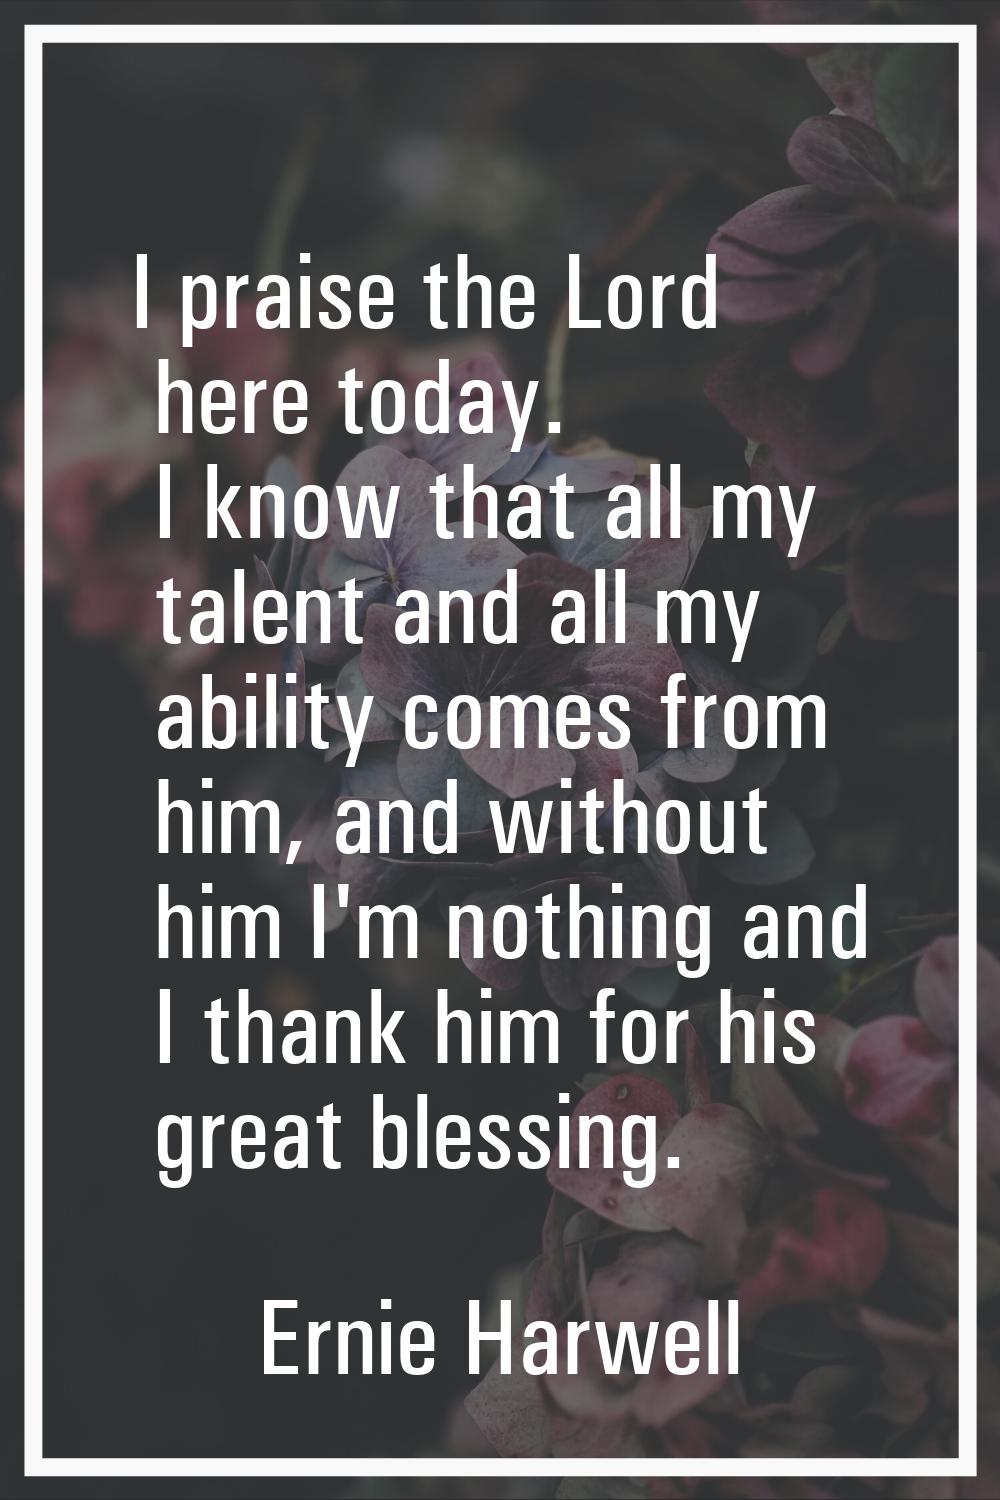 I praise the Lord here today. I know that all my talent and all my ability comes from him, and with
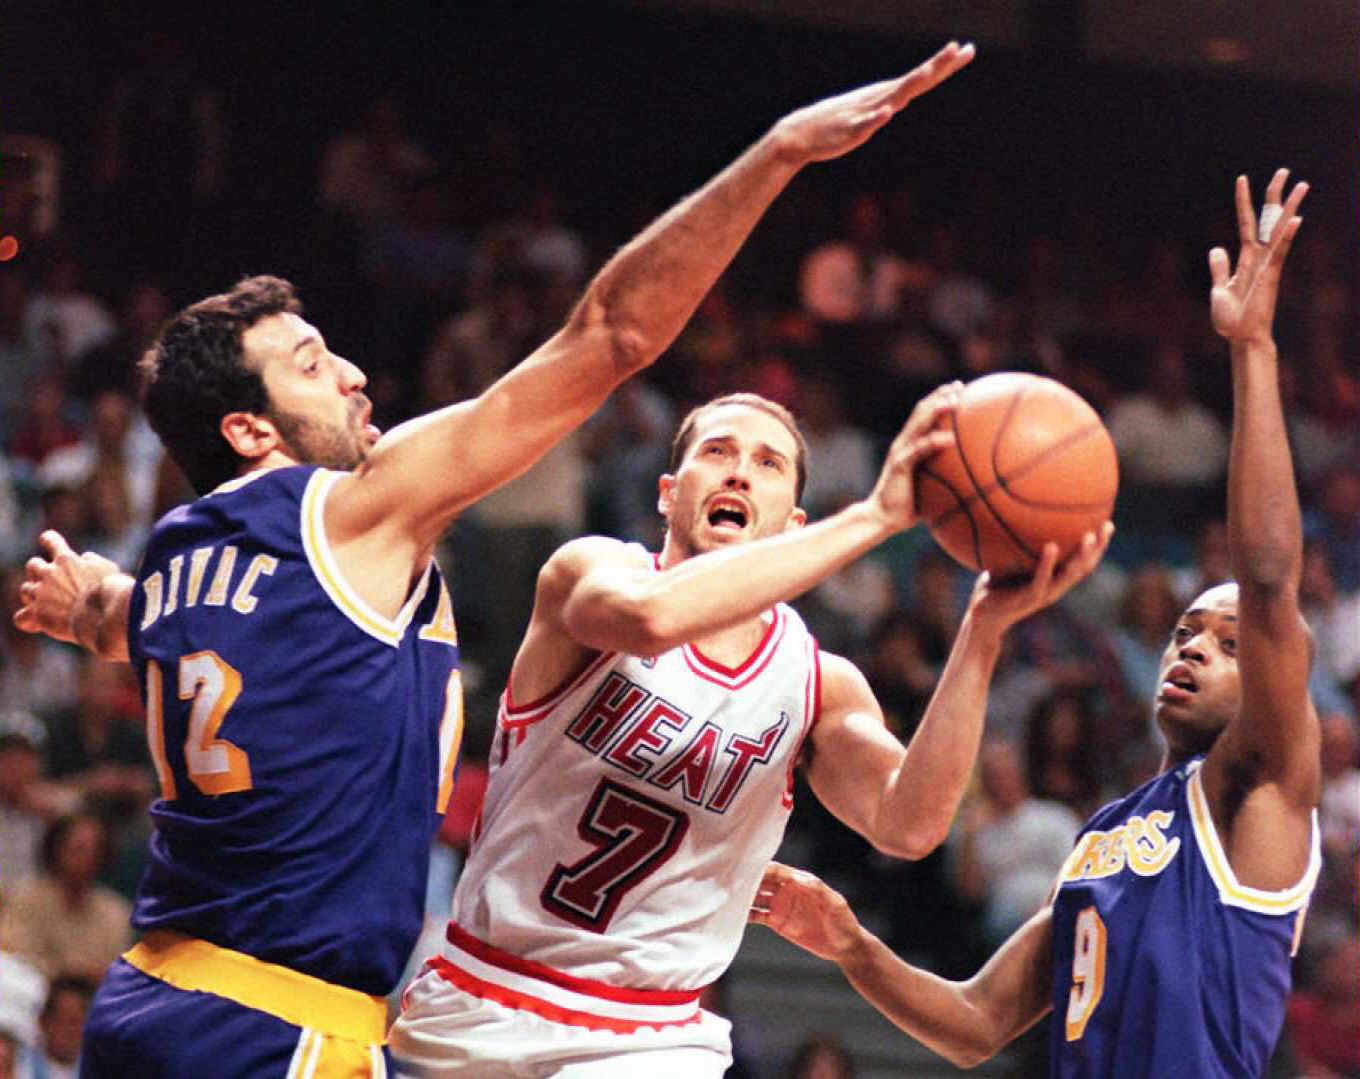 The Miami Heat's Rex Chapman (C) is defended by the Los Angeles Laker's center Vlade Divac (L) and guard Nick Van Exel (R) as he tries to get to the basket in their game 27 March at the Miami Arena. (AFP via Getty Images)
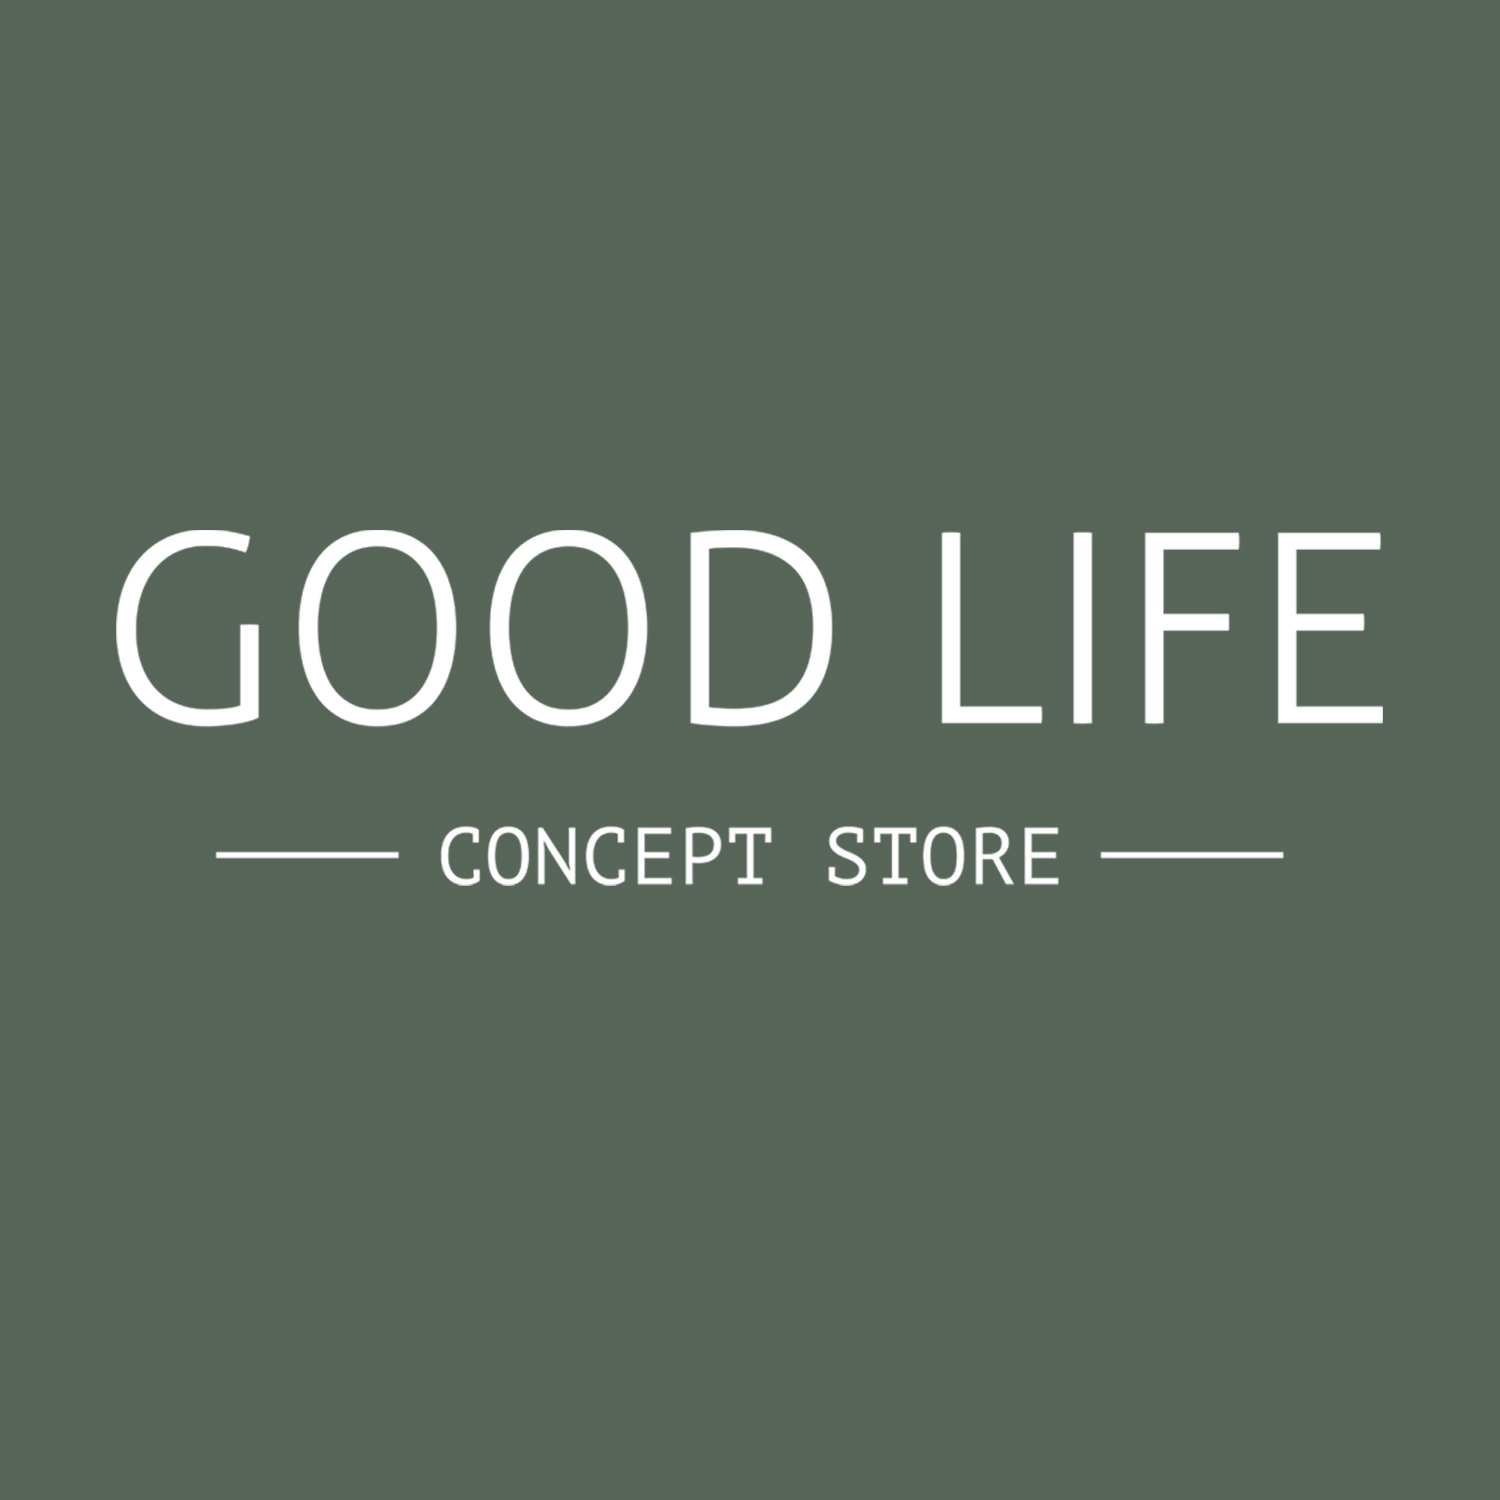 GOOD LIFE - Concept Store

____________________

Nothing but an exact copy of the data, without pictures, should be returned.

# SOLUTION TO THE PROBLEM
 I praise the Lord here today. I know that all my talent and all my ability comes from him, and with
 The Miami Heat's Rex Chapman (C) is defended by the Los Angeles Laker's center Vlade Divac (L) and guard Nick Van Exel (R) as he tries to get to the basket in their game 27 March at the Miami Arena. (AFP via Getty Images)
 GOOD LIFE - Concept Store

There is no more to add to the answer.